To Varma, the night represented her first real step into the Star Wars fandom—one that, for better or worse, has earned a reputation for passion. “It’s really cool to be part of something that loves its fan base—and includes its fan base,” she says. “It shows trust and love and it’s paying back for the loyalty, I think.”
In the meantime, she’s got a bevy of other characters lined up to explore: She’s in the upcoming star-studded Apple TV project Extrapolations alongside Meryl Streep, Gemma Chan, Kit Harington, Marion Cotillard, Tobey Maguire, Ed Norton, Forest Whitaker, and more; she’s rehearsing for a West End production of Anton Chekhov’s The Seagull with her Game of Thrones co-star Emilia Clarke; and she just wrapped the Netflix erotic thriller series Damage. All three are vastly different projects, and Obi-Wan Kenobi’s sci-fi extravaganza is a fourth. Is juggling such wildly different stories a dissonant act? Not exactly, Varma explains. It’s part of playing humans who are…y’know, human.
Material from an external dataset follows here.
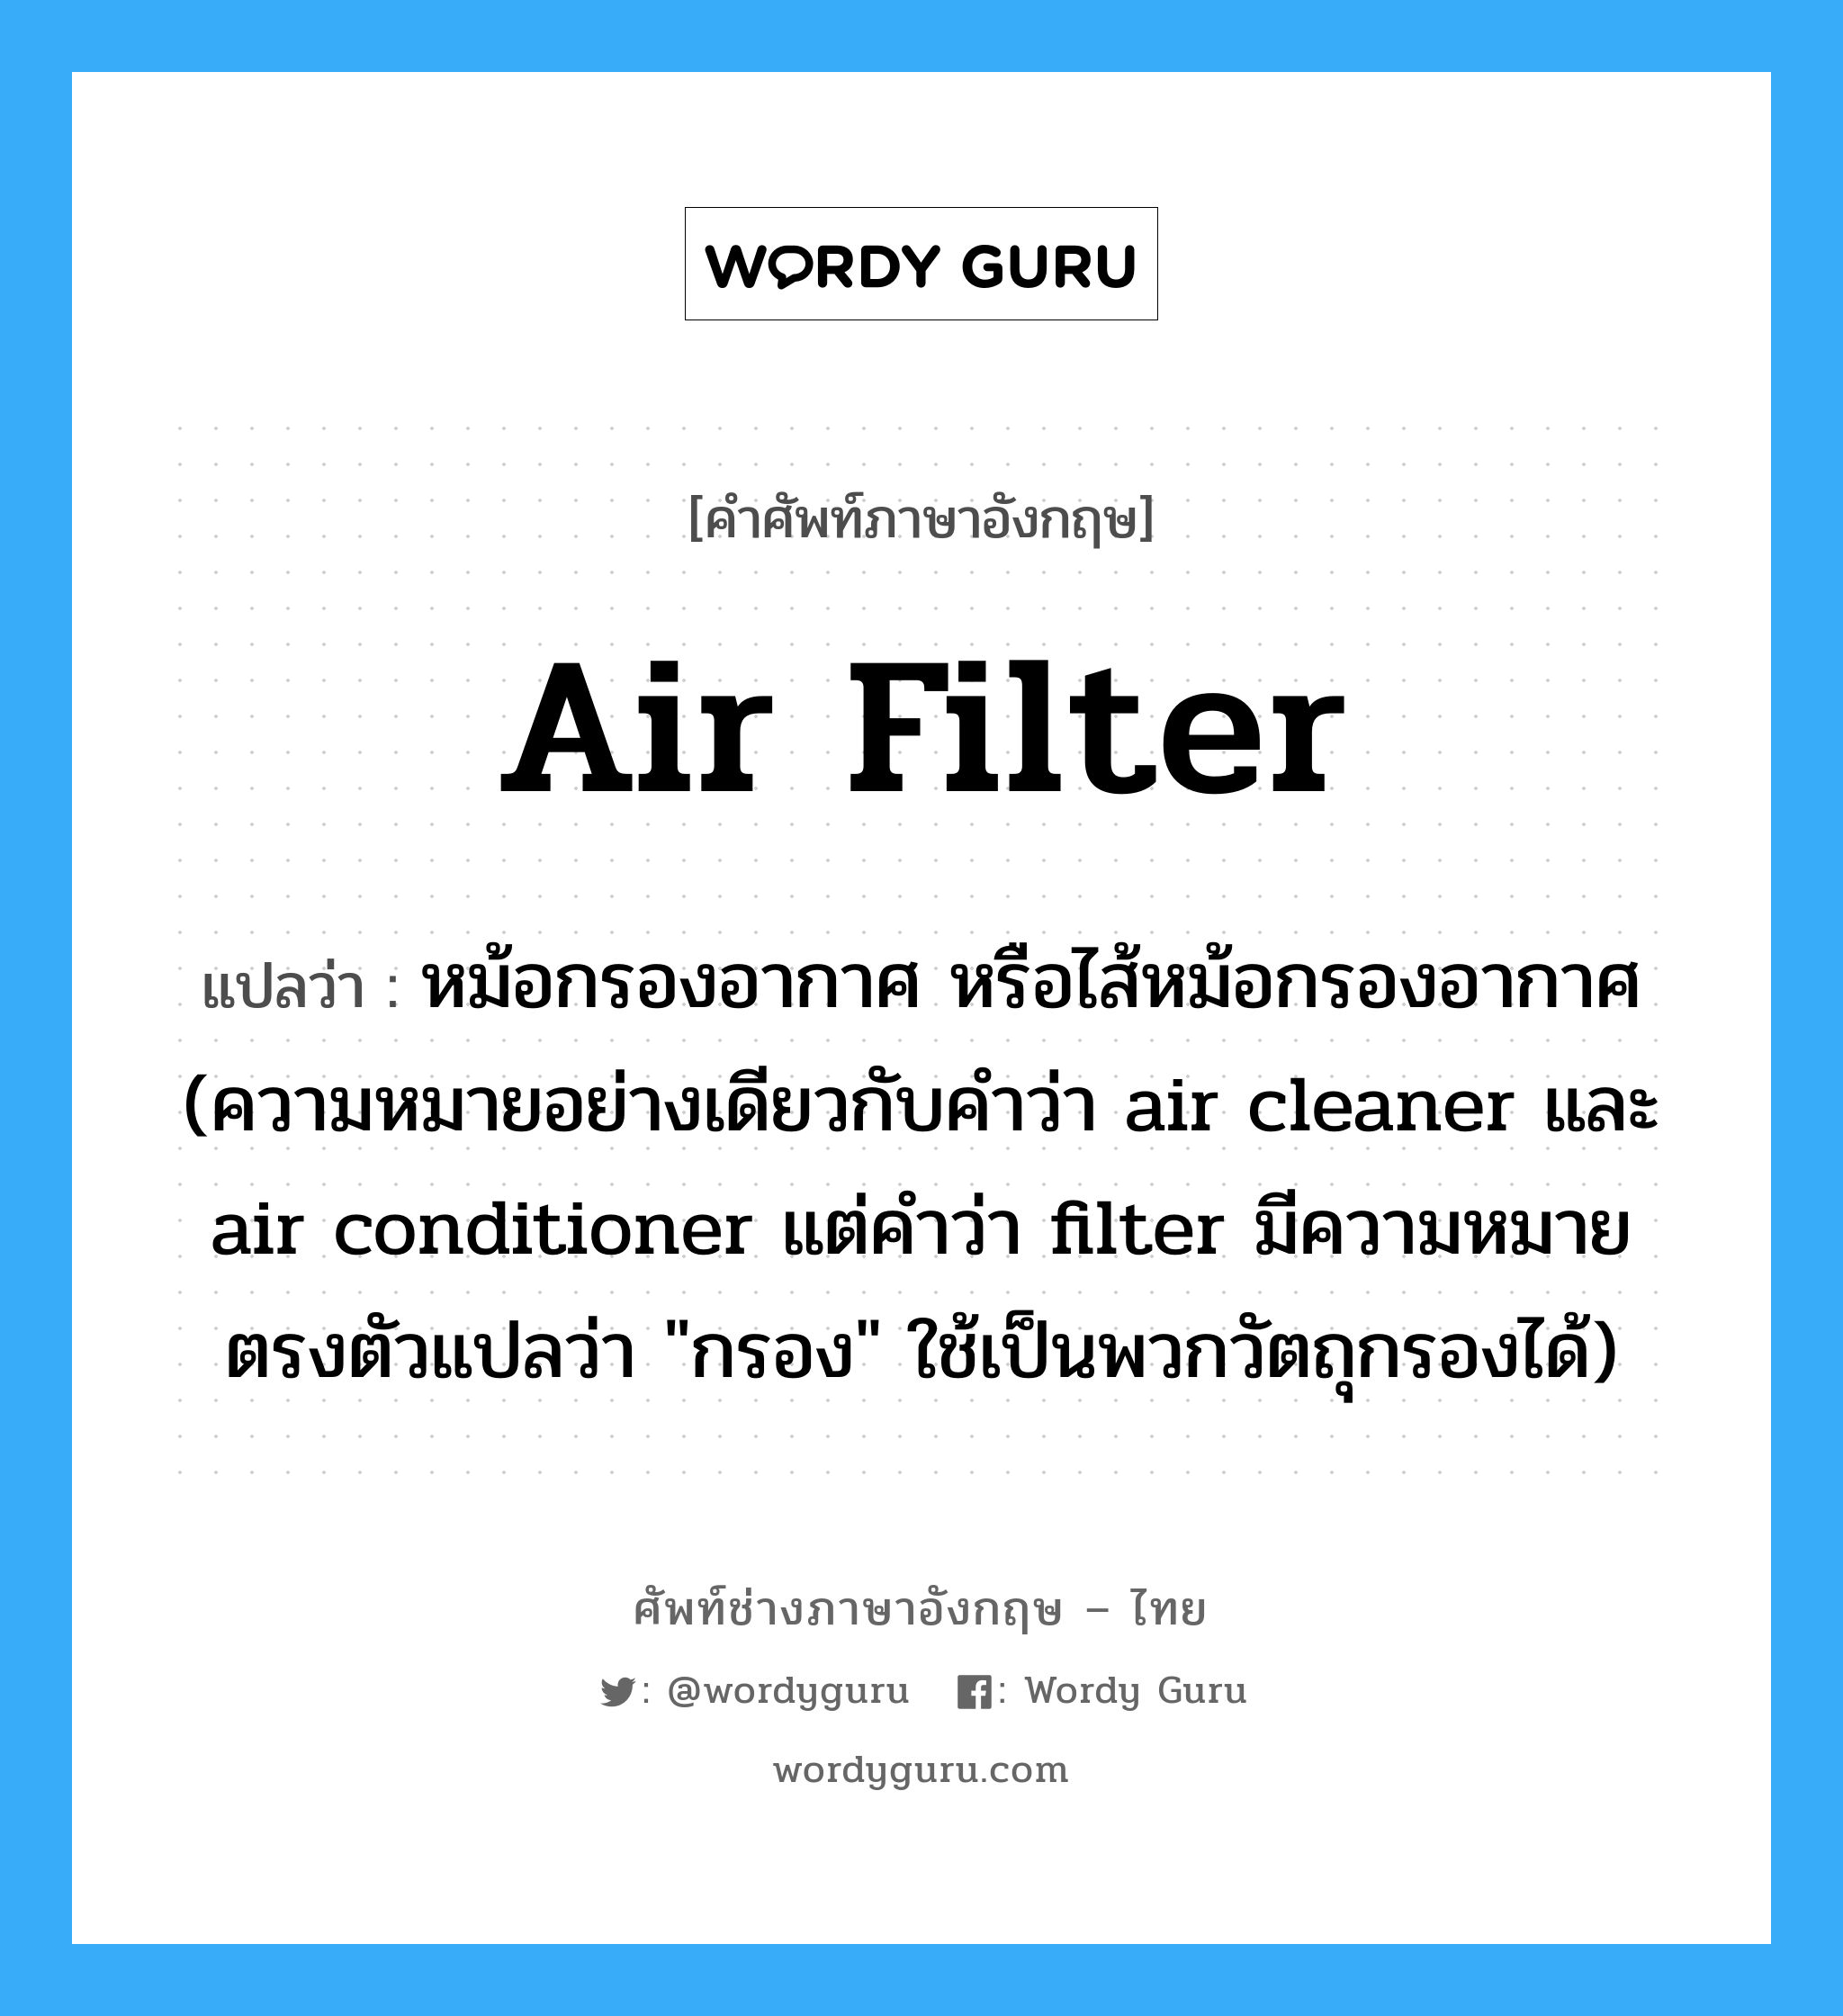 หม้อกรองอากาศ หรือไส้หม้อกรองอากาศ (ความหมายอย่างเดียวกับคำว่า air cleaner และ air conditioner แต่คำว่า filter มีความหมายตรงตัวแปลว่า "กรอง" ใช้เป็นพวกวัตถุกรองได้) ภาษาอังกฤษ?, คำศัพท์ช่างภาษาอังกฤษ - ไทย หม้อกรองอากาศ หรือไส้หม้อกรองอากาศ (ความหมายอย่างเดียวกับคำว่า air cleaner และ air conditioner แต่คำว่า filter มีความหมายตรงตัวแปลว่า "กรอง" ใช้เป็นพวกวัตถุกรองได้) คำศัพท์ภาษาอังกฤษ หม้อกรองอากาศ หรือไส้หม้อกรองอากาศ (ความหมายอย่างเดียวกับคำว่า air cleaner และ air conditioner แต่คำว่า filter มีความหมายตรงตัวแปลว่า "กรอง" ใช้เป็นพวกวัตถุกรองได้) แปลว่า air filter

“I want to have the courage to fail,” she says. “And try characters out that, you know what? It didn’t quite work. The problem is, there’s so much type casting that goes on. I think as human beings, we are very emotionally complex. So why are we always playing the same, kind of, three notes?” She adds, “I’m excited about getting older. I think there’s less pressure in having to be beautiful. And I think the older you get, the more experiences you’ve had, therefore the more colors you have in your palette. And I want to use them more.”